The [Splepian-Wolf'73] coding scheme is a famous result in coding theory, that inspired the field of distributed source coding. I guess this topic would be better for Michael's blog, but I am curious to ask some questions, and I want to describe a slightly related beast in the next post.
Review. You have k clients, and a server. The clients have some inputs x1, ..., xk, each of n bits, and they want to communicate all inputs to the server. Now assume these inputs come from some joint distribution with entropy much less than nk. Can one use similarly little communication?

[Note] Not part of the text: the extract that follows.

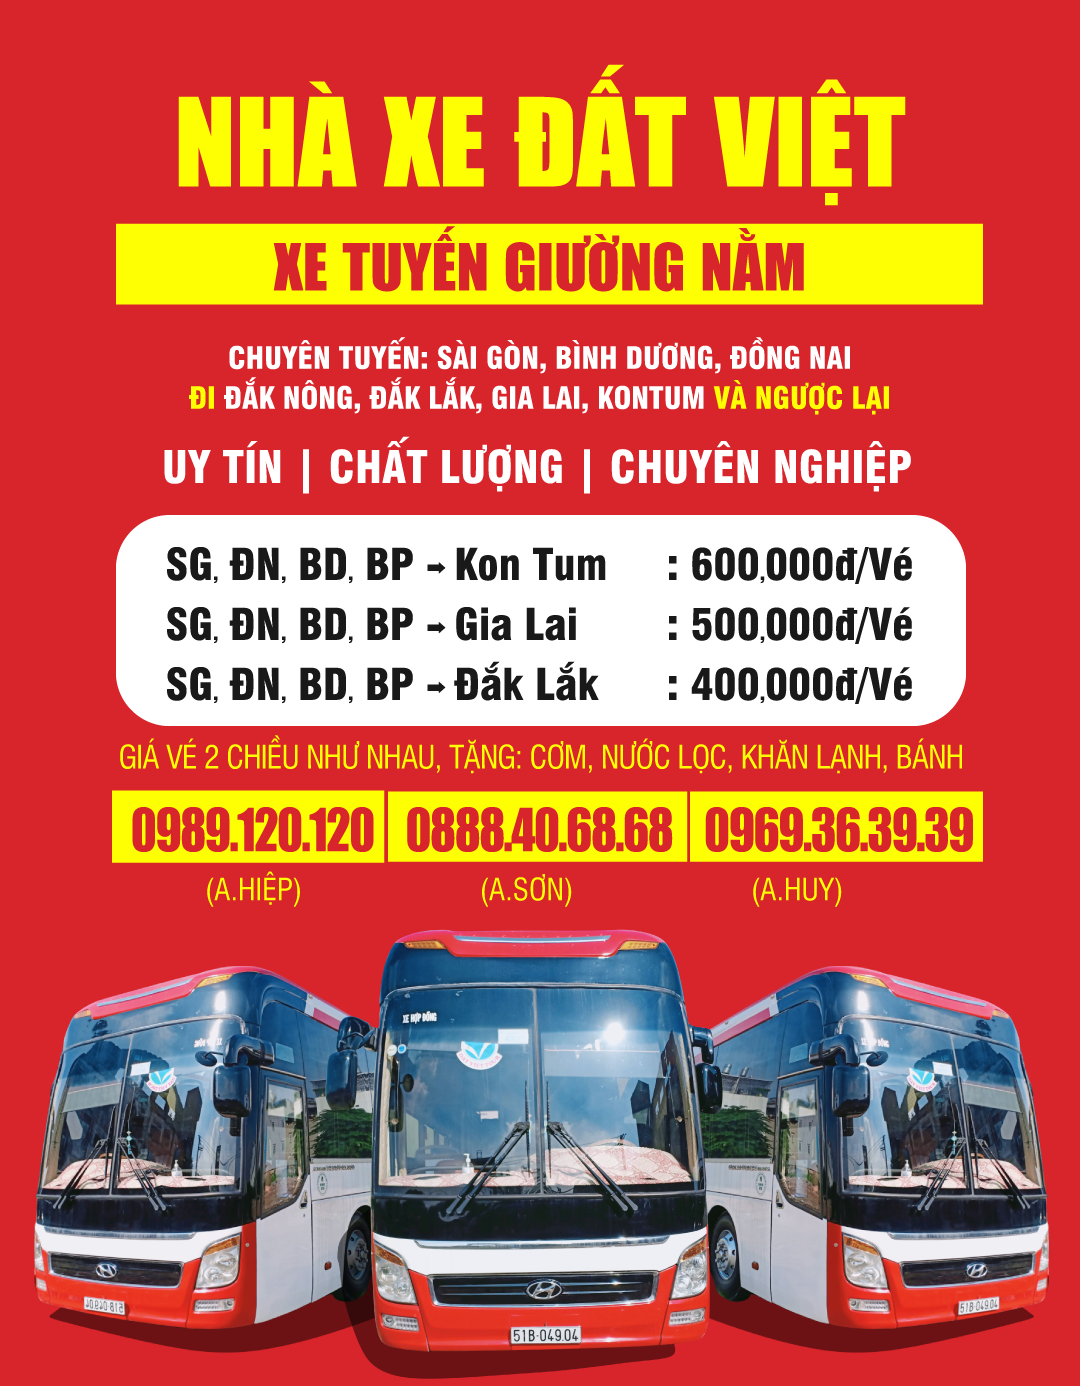 Vé xe giá rẻ SG/Bình Dương/Đồng Nai đi các tỉnh Tây Nguyên Đắk Nông, Đắk Lắk, Gia Lai, Kon Tum và ngược lại chỉ từ 400,000đ/khách.

If the distribution is rectangular, i.e. the xi's are independent, each client i can perform source coding (say, Huffman coding) based on his own distribution, achieving H(xi) communication. With dependencies, if clients broadcast their messages in order, each client can perform source coding based on his distribution conditioned on the previous messages. This achieves optimal total communication, since Sumi H(xi | x1, ..., xi-1) = H(x1, ..., xk).
Slepian and Wolf showed that it is possible to achieve optimal communication even if all clients communicate one message simmultaneously, and the messages are only seen by the server.
In fact, there is a whole simplex of possible scenarios for optimal communication. Consider k=2 to make notation easy. Then, it is possible for client 1 to send m1 bits, and client to to send m2 bits as long as:
- m1+m2 ≥ H(x1, x2)
- m1 ≥ H(x1 | x2)
- m2 ≥ H(x2 | x1)
Since then, people have developed efficently encodable and decodable distributed codes for all sorts of important special cases. A "special case" means what makes the inputs correlated (they are close in what metric?). To give realistic examples, the inputs may be close in Hamming distance, or in edit distance, or they may be numbers that are close in value (say, two noisy observations of the same event).
Questions. I never actually worked on this (but on something related, see next post), so I only have some meta questions. The field is usually sold as being important in sensor networks. Is this "for real", or just theoretical PR? People interested in sensor networks on our side of theory (eg the streaming folks) do not seem too aware or interested in this field. Why?